Sennin with Crane


Sennin with Crane
Print   (Part of the set: Akashi-ban Surimono)



Print is Public Domain; Photography is:   Creative Commons License


In this print we see an old painting surrounded by an elegant mounting, making it into a scroll for display. In the painting there is an old man and a peacock, both looking like they have been painted in black ink in the nanga style. White is used to suggest damage and loss to the old painting from wormholing or age (as we can see on the neck and feathers of the peacock). Of course these white sections are not actually pigments applied to the print - they are sections left un-printed - the white colour we see is the colour of the paper.

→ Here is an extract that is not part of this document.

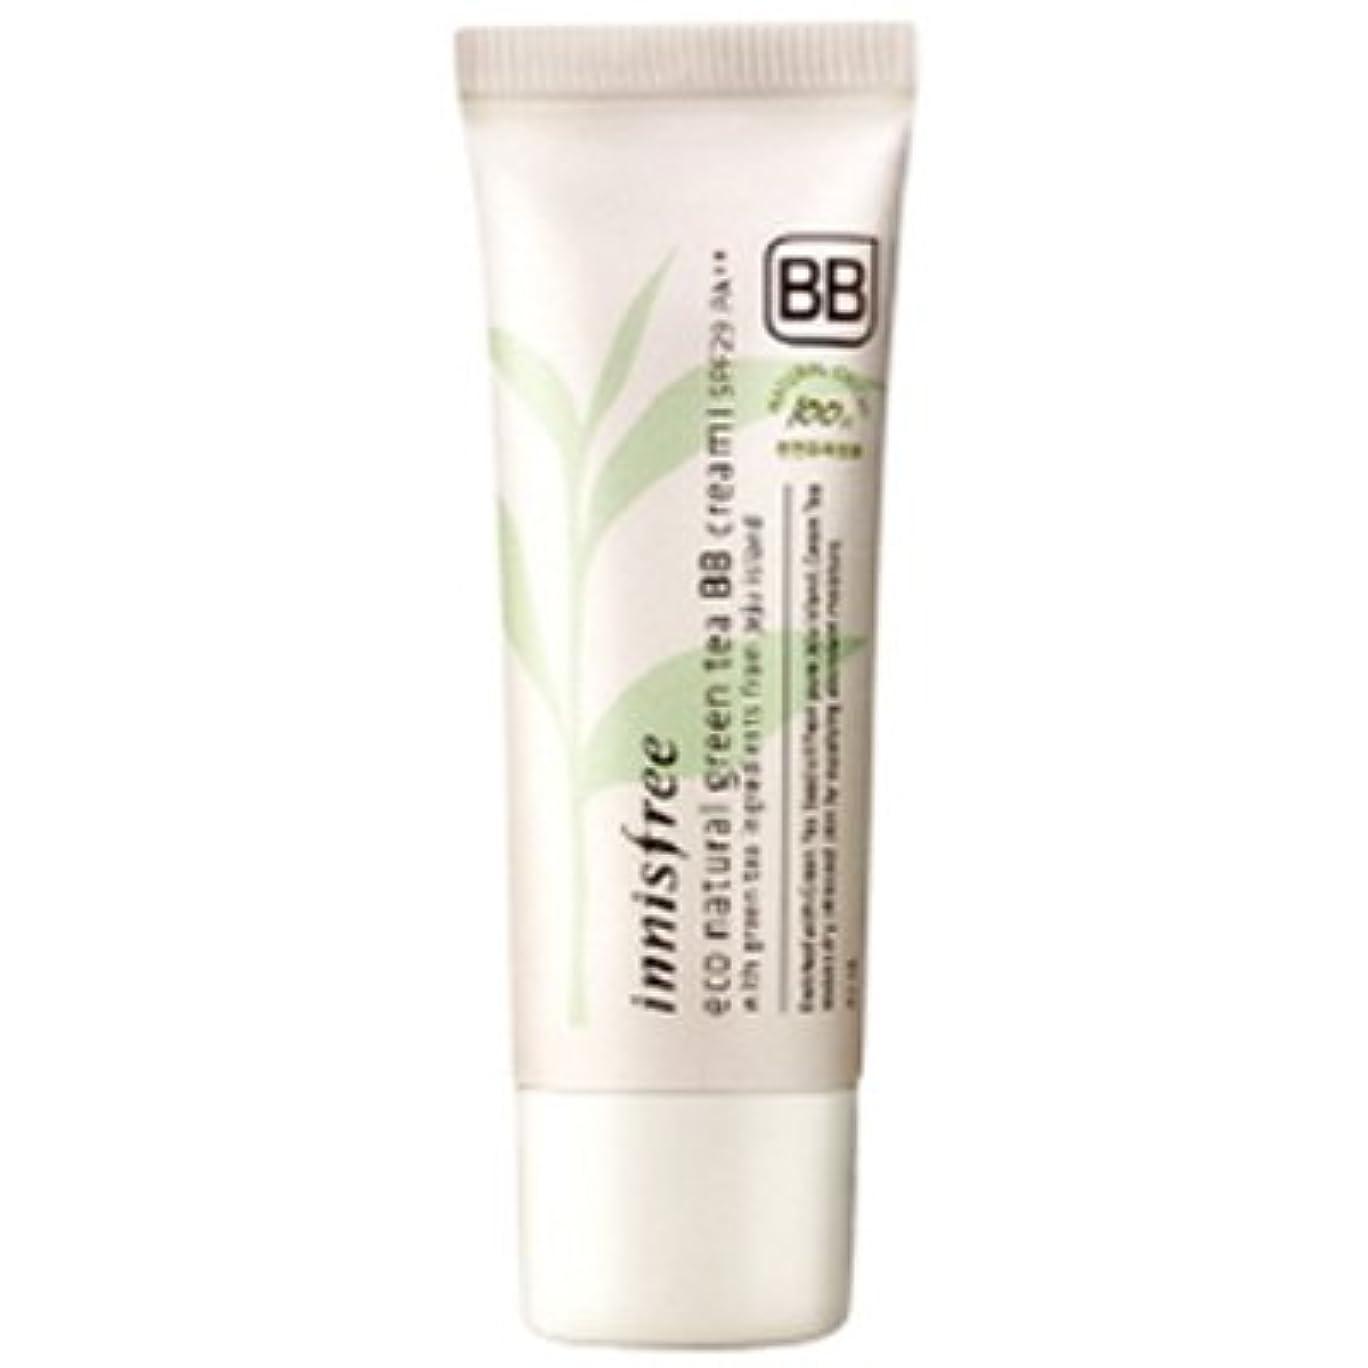 造船農民そのようなinnisfree(イニスフリー) Eco natural green tea BB cream エコ ナチュラル グリーン ティー BB クリーム SPF29/PA++ 40ml #1:ライトベージュ

There is a lot of information in this print, which, surprisingly, actually makes it a little more difficult to work out what exactly the print depicts. What seems probable is that Hiroshige, whose name appears on the right, has designed this print, and has included in it a copy of a painting by another artist as a hanging scroll. From the box accompanying the scroll we can see that the scroll is double the usual width and depicts a sennin (a mountain hermit or wizard). The painted image is obviously very old, hence the inclusion of the wormholing, while the luxurious scroll mounting featuring auspicious colours and patterns appears quite new. This suggests that the painting is special in some way to have warranted an expensive mounting - maybe it was painted by a great artist. The name accompanying the poem at the left side of the print reads Kakutei Chiyozumi, but it is unknown who this may have been (there was a famous Japanese artist called Kakutei active in the 18th century - perhaps there is a link here?).

Karazuri blind-embossing has been used to emulate the wood grain in the scroll box, but the highlight of the print is nevertheless the attention to detail to the damage in the old painting - the delicate wormholes and losses left in to bring authenticity to the piece.